GO.ID | Term | Annotated Genes from Entire Genome | Significant Genes Determined within Marker Regions with SNPs and Indels | Expected Number of Genes within Marker Regions | ClassicFisher p-value |
Biological process |
GO:0051235 | Maintenance of location | 26 | 2 | 0.05 | 0.000065 |
GO:0006259 | DNA metabolic process | 9654 | 39 | 18.68 | 0.00027 |
GO:0044260 | Cellular macromolecule metabolic process | 11818 | 40 | 22.87 | 0.00041 |
GO:0006139 | Nucleobase-containing compound metabolic process | 14236 | 44 | 27.55 | 0.00057 |
GO:0006807 | Nitrogen compound metabolic process | 20436 | 52 | 39.54 | 0.00064 |
GO:0051651 | Maintenance of location in cell | 19 | 2 | 0.04 | 0.00079 |
GO:0045185 | Maintenance of protein location | 19 | 2 | 0.04 | 0.00096 |
GO:1901360 | Organic cyclic compound metabolic process | 14654 | 44 | 28.36 | 0.00098 |
GO:0090304 | Nucleic acid metabolic process | 13677 | 44 | 26.46 | 0.00268 |
GO:0043170 | Macromolecule metabolic process | 19501 | 51 | 37.73 | 0.00275 |
GO:0044237 | Cellular metabolic process | 20735 | 51 | 40.12 | 0.00326 |
GO:0034641 | Cellular nitrogen compound metabolic process. | 15376 | 45 | 29.75 | 0.00429 |
GO:0046483 | Heterocycle metabolic process | 14523 | 44 | 28.1 | 0.00589 |
GO:0006725 | Cellular aromatic compound metabolic | 14624 | 44 | 28.3 | 0.0072 |
GO:0009987 | Cellular process | 25449 | 56 | 49.24 | 0.00773 |
Cellular component |
GO:0005615 | extracellular space | 12 | 1 | 0.01 | 0.011 |
GO:0005875 | microtubule associated complex | 42 | 1 | 0.04 | 0.017 |
GO:0005576 | extracellular region | 279 | 1 | 0.24 | 0.229 |
GO:0005856 | cytoskeleton | 275 | 1 | 0.24 | 0.312 |
GO:0005737 | cytoplasm | 1469 | 2 | 1.26 | 0.401 |
GO:0043232 | intracellular non-membrane-bounded organelle | 1611 | 2 | 1.38 | 0.438 |
GO:0043228 | non-membrane-bounded organelle | 1611 | 2 | 1.38 | 0.438 |
Ren 2 GB713 on D11 also has a structural difference (> 250 KB) shared by both BARBREN-713 and BAR 32 − 30 that contains CNV of constitutively upregulated genes PSC355.A11G349900 (Gorai.007G333200.1) and PSC355.A11G50000 (Gorai.N015800.1-JGI_221_v2.1), which are annotated as NB-ARC domain containing disease resistance protein (Figs. 3 & 4).
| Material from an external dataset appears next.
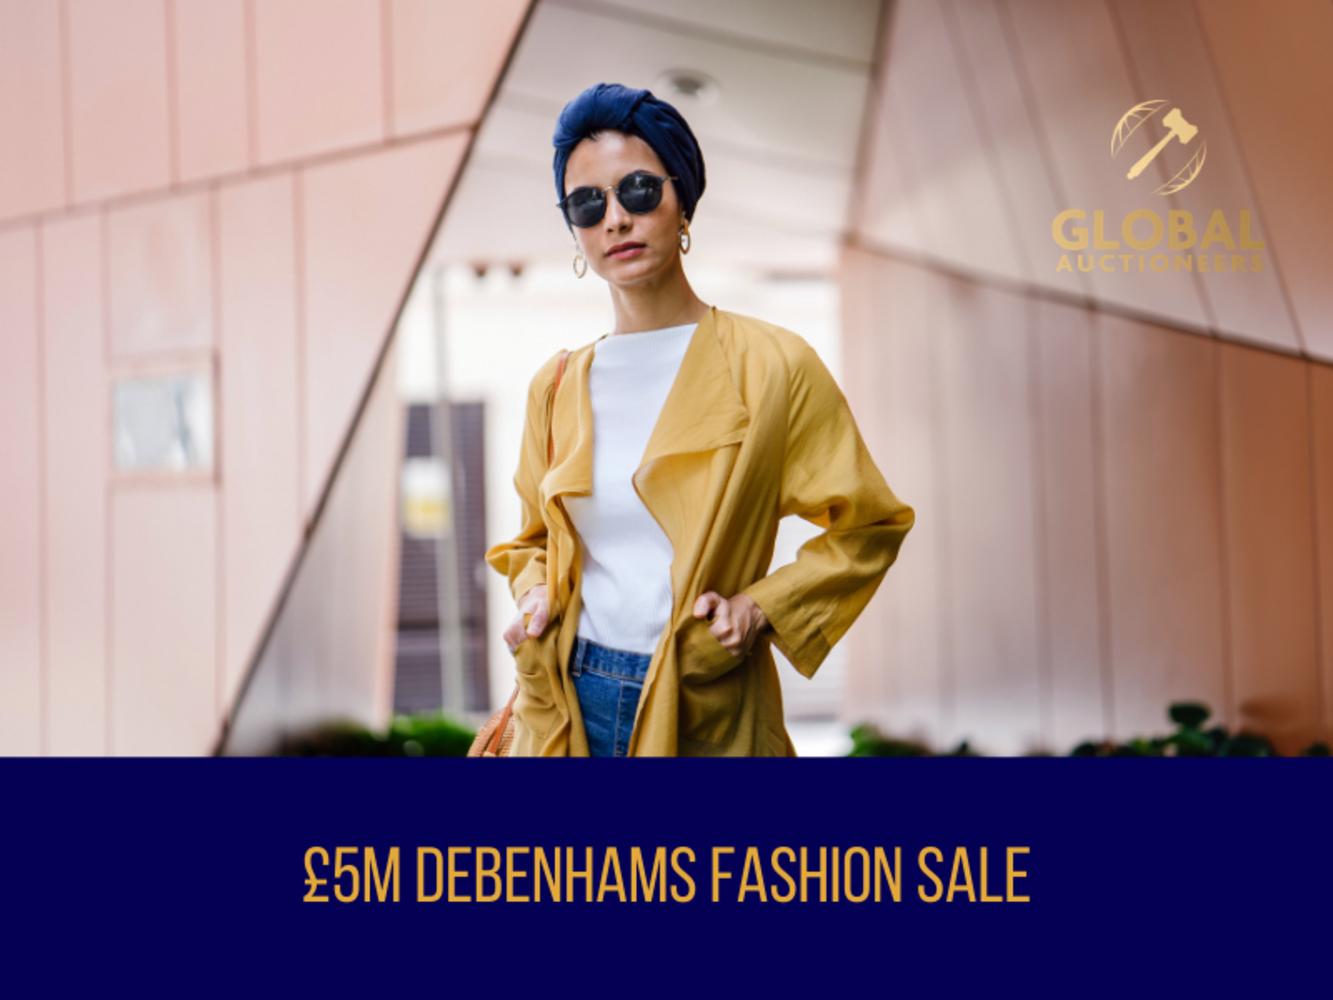 The £5m Debenhams Mega Fashion Sale - 16th April 2021

RepeatModeler identified several classes of transposable elements (TEs) flanking these NB-ARC domain-containing proteins on Ren2GB713. Notably the tandem helitron repeat reveals a possible mechanism by which these duplications have arisen in resistant Pima-derived lines (Fig. 4). Helitrons are a Class 2 TE named after their “rolling circle” mechanism of duplication (Kapitonov and Jurka 2001). This operation can be associated with tandem repeats as the single-stranded intermediate can be ligated back into the genome. Furthermore, there are differences in paralogy of these genes between BAR 32 − 30 and BARBREN-713. For Gorai.007G333200.1 we identified two paralogs in BARBREN-713 and one in BAR 32 − 30, which is shared and identical to one copy in BARBREN-713 (Supplemental Figure S1). HiFi read coverage corroborates the observed copy number differences between the BARBREN-713 and BAR 32 − 30. There are three and two discrete peaks in these lines, respectively, with ~ 30% more read coverage overall compared to this syntenic region in PSC355 (Supplemental Figure S1).